## [WHAT TO WORK ON]
Once you have located the line containing "Vilniaus universiteto bibliotekoje" in the material below, return it exactly along with each line after it through the line containing "BRUCLE Elegante billetera".

## [STUDY MATERIAL]
________________________________________

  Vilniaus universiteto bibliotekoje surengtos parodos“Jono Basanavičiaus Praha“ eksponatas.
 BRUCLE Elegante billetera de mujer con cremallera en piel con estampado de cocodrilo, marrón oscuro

________________________________________

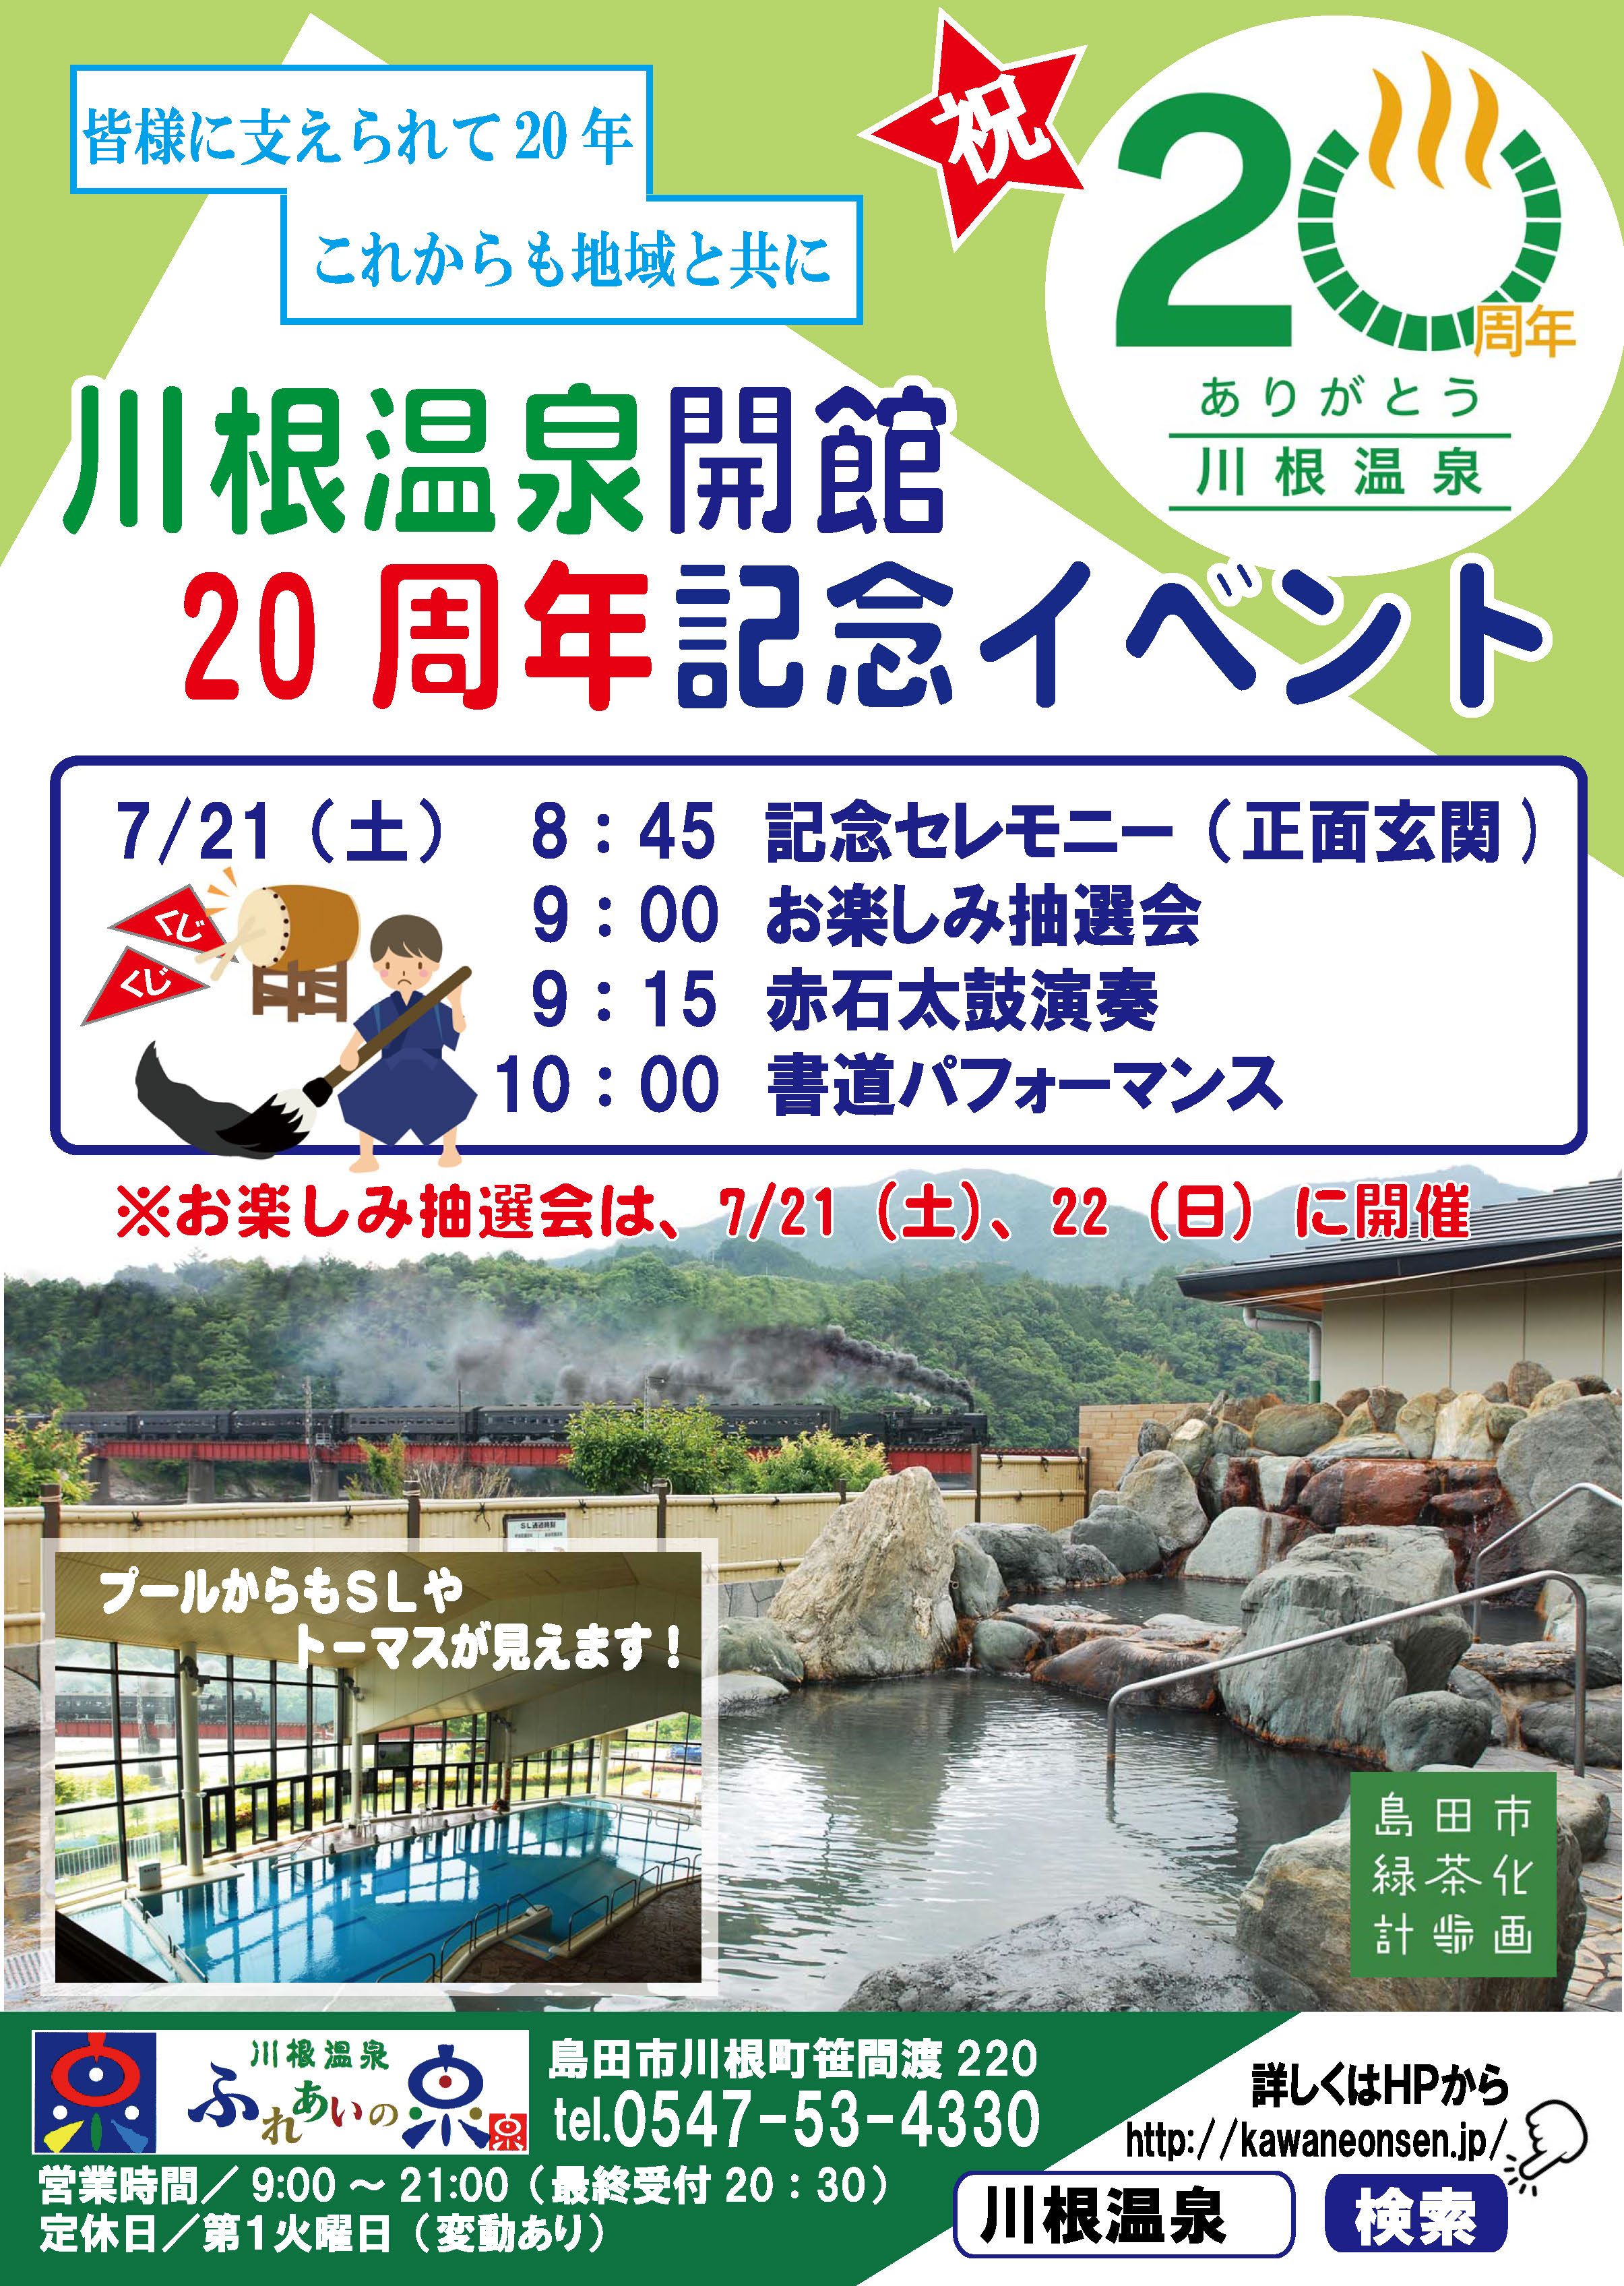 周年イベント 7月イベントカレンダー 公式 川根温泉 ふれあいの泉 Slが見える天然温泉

________________________________________

## [COMPLETED EXERCISE]
  Vilniaus universiteto bibliotekoje surengtos parodos“Jono Basanavičiaus Praha“ eksponatas.
 BRUCLE Elegante billetera de mujer con cremallera en piel con estampado de cocodrilo, marrón oscuro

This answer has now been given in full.